Neurosciences : le cerveau apprend grâce à l’erreur
Neurosciences : le cerveau apprend grâce à l’erreur
Les dernières recherches en neurosciences ont montré que le cerveau apprend grâce à l’erreur. Quel est le rôle précis de l’erreur selon les neurosciences ?
Pour une vision positive de l’erreur
Dans le système éducatif français, se tromper est rarement vu de manière positive. L’élève qui se trompe, qui est dans l’erreur, est un “mauvais” élève. Le “bon” élève est au contraire celui qui ne se trompe pas. Cette conception négative de l’erreur va de pair avec une vision positive de la réussite. Chaque succès serait alors doublement signe de réussite, d’une part en tant que tel, et d‘autre part parce qu’il préparerait mieux pour les succès à venir.
Pourtant, le cerveau fait en permanence des prédictions. Ces prédictions sont issues d’hypothèses à propos de l’état du monde, lesquelles ont été progressivement affinées sur la base de précédentes observations et expériences. La différence entre la prédiction et l’observation est un signal d’apprentissage et ouvre la porte à une actualisation qui permet accroître progressivement l’adéquation entre les prédictions et les observations qui proviennent de l’environnement.
L’erreur, un signal d’apprentissage dès le plus jeune âge chez les humains selon les neurosciences.
Chez le bébé, des paradigmes d’habituation sont utilisés pour tester cette conception de l’apprentissage. Par exemple, dans une expérience de Dehaene-Lambertz et Dehaene (1994), des bébés entre 2 et 3 mois sont habitués à une certaine régularité auditive (ba, ba, ba, ba, ba). Dans un tel contexte où l’enfant est habitué à entendre une série de cinq sons identiques, le cerveau prédit que le prochain son sera « ba ».

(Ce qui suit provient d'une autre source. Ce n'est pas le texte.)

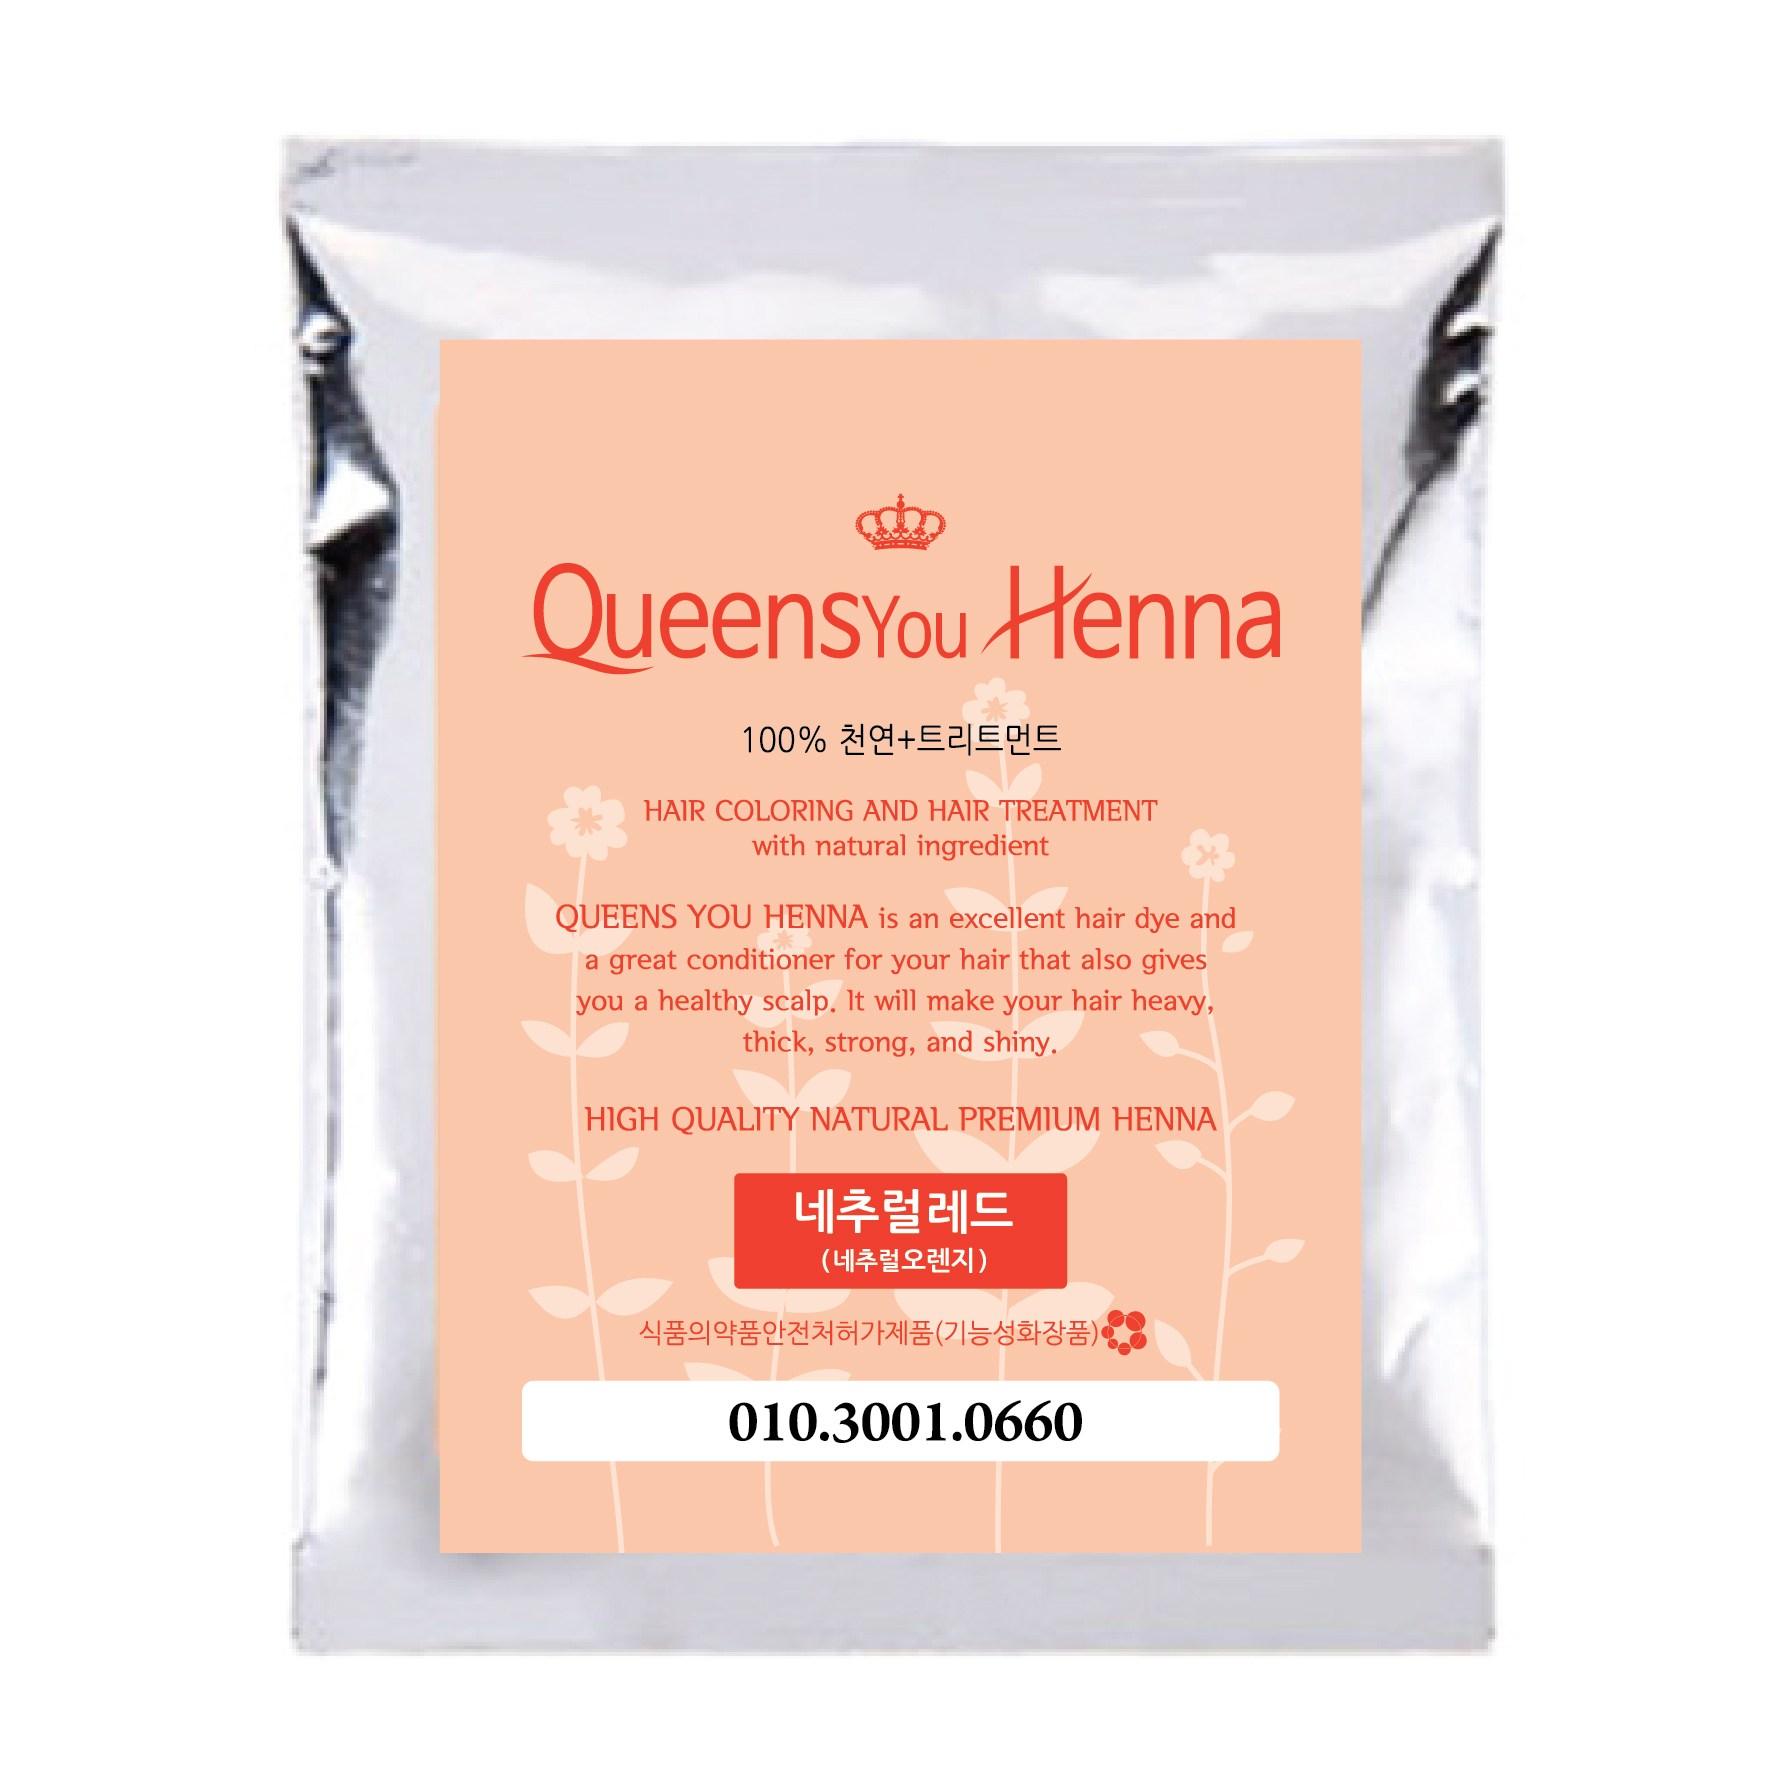 퀸즈유헤나 퀸즈you헤나 2개구매시 1개 더 증정 (정품) 퀸즈헤나 퀸즈헤나염색약, 레드, 1개입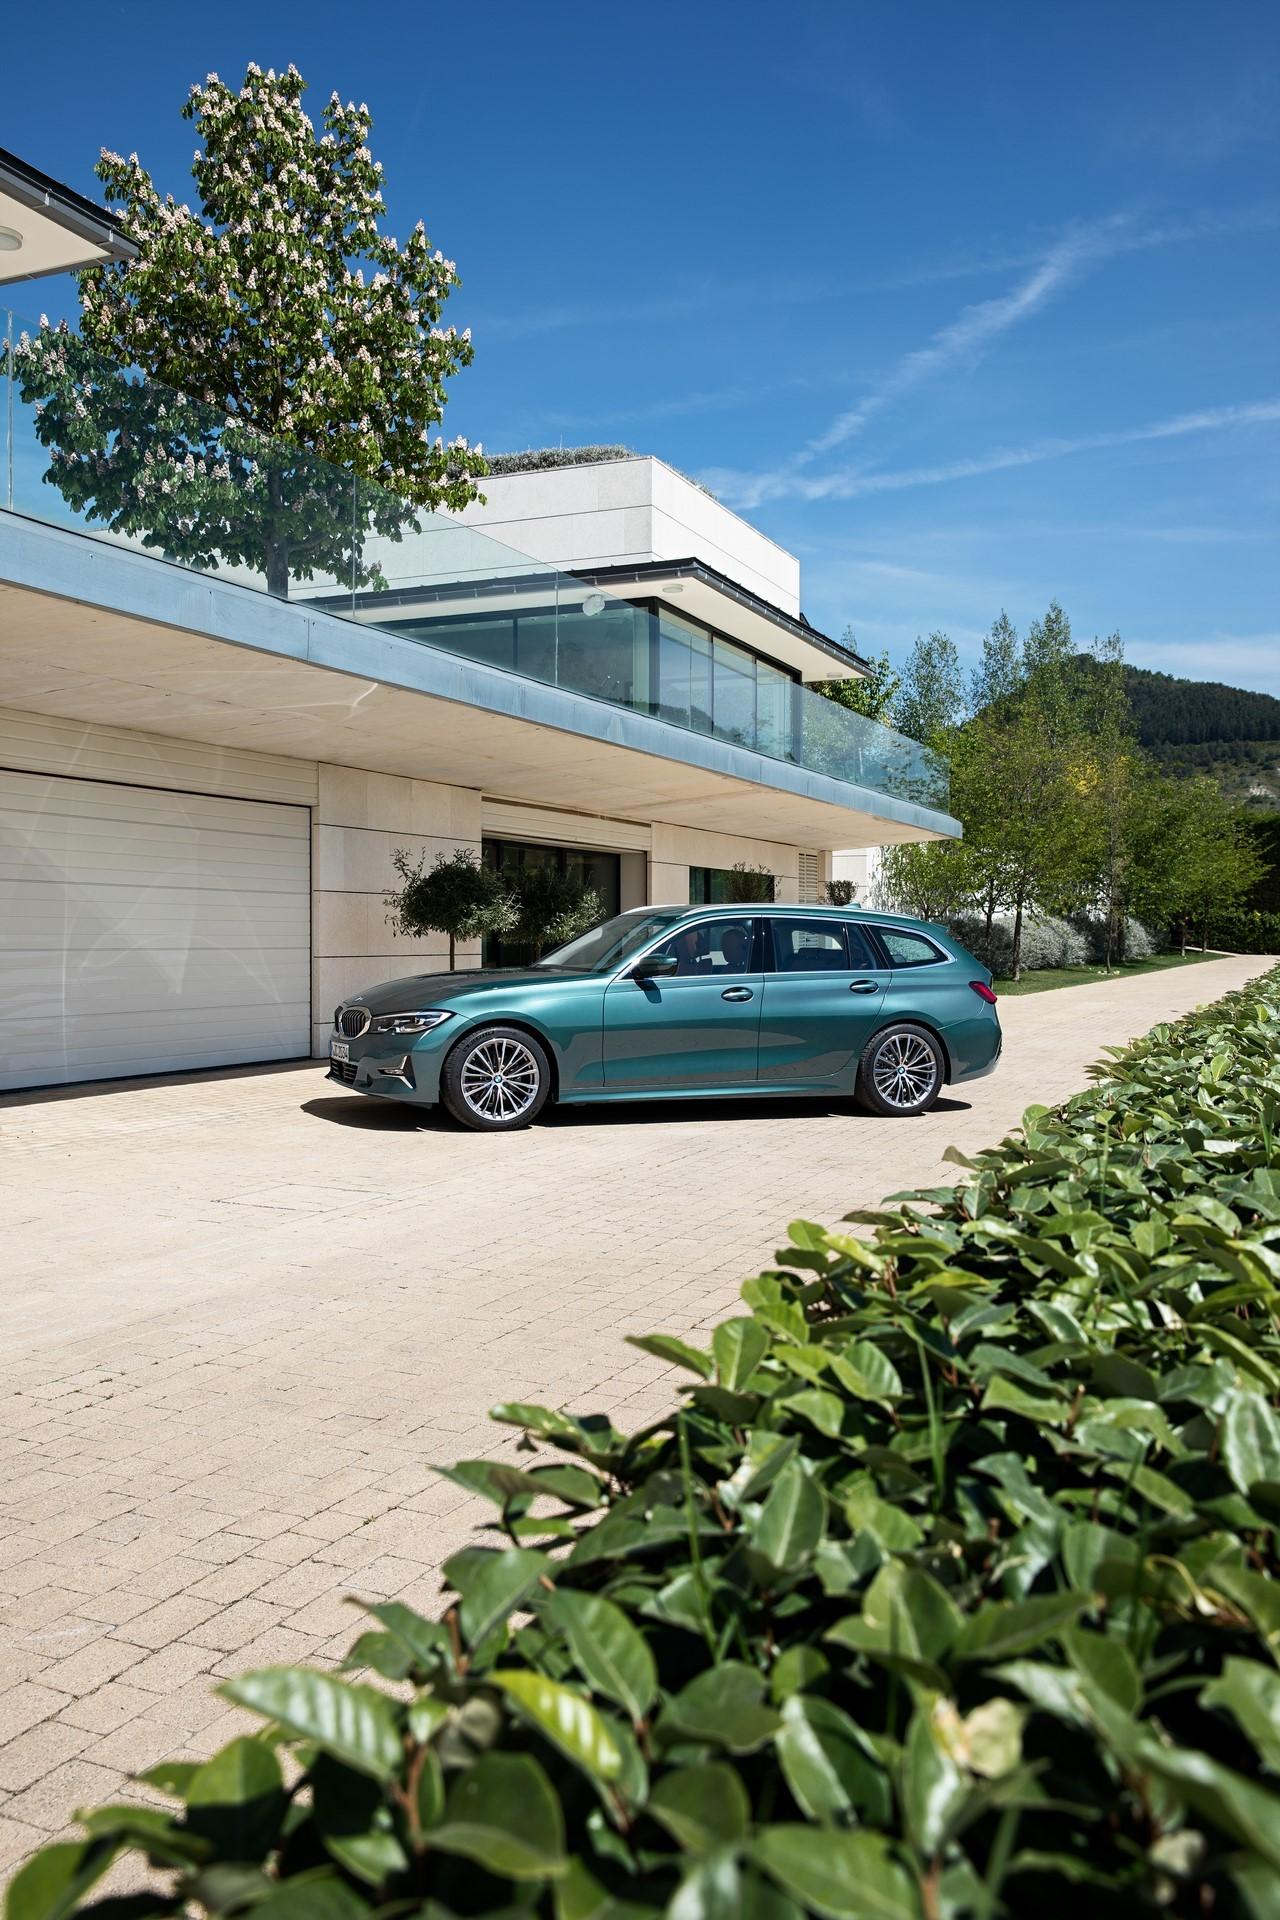 BMW-3-Series-Touring-2019-38

Grâce à l’électroencéphalogramme (EEG) qui enregistre l’activité du cerveau au moyen d’électrodes placées sur le crâne, on constate que cette activité diminue au cours de la phase d’habituation : la première syllabe n’est pas prédite et donne un signal très intense, puis le signal diminue dès la deuxième syllabe. Cependant, si un son inattendu est produit, ou s’il n’y a pas de son, une activité importante de même ampleur que lors du premier son est alors observée. Cette activité importante se propage dans le cortex.
En effet, quand il y a déviation de la régularité attendue, le cerveau génère un signal « d’erreur de prédiction » observable à partir d’enregistrements de l’activité cérébrale, et ce dès la naissance (Dehaene-Lambertz, 2001 ; Mahmoudzadeh, 2013).
L’apprentissage repose sur des écarts aux attentes.
Un cerveau performant est un cerveau qui fait des erreurs, nous apprennent les neurosciences.
Les études en neurosciences ont montré que le cerveau humain passe son temps à chercher à prédire des régularités du monde qui l’entoure et à comparer ces prédictions avec les observations issues de l’environnement. La prédiction est une activité essentielle et irrépressible du cerveau humain dès le plus jeune âge et notre cerveau apprend de ses erreurs de prédiction, qu’il les détecte par lui-même ou par un retour d’information de l’environnement : c’est ainsi que les connaissances sont “mises à jour”. L’apprentissage repose donc sur des écarts aux attentes. Un cerveau qui ne commet aucune erreur de prédiction n’apprend pas. Ainsi, l’erreur a toute sa place dans les processus d’apprentissage.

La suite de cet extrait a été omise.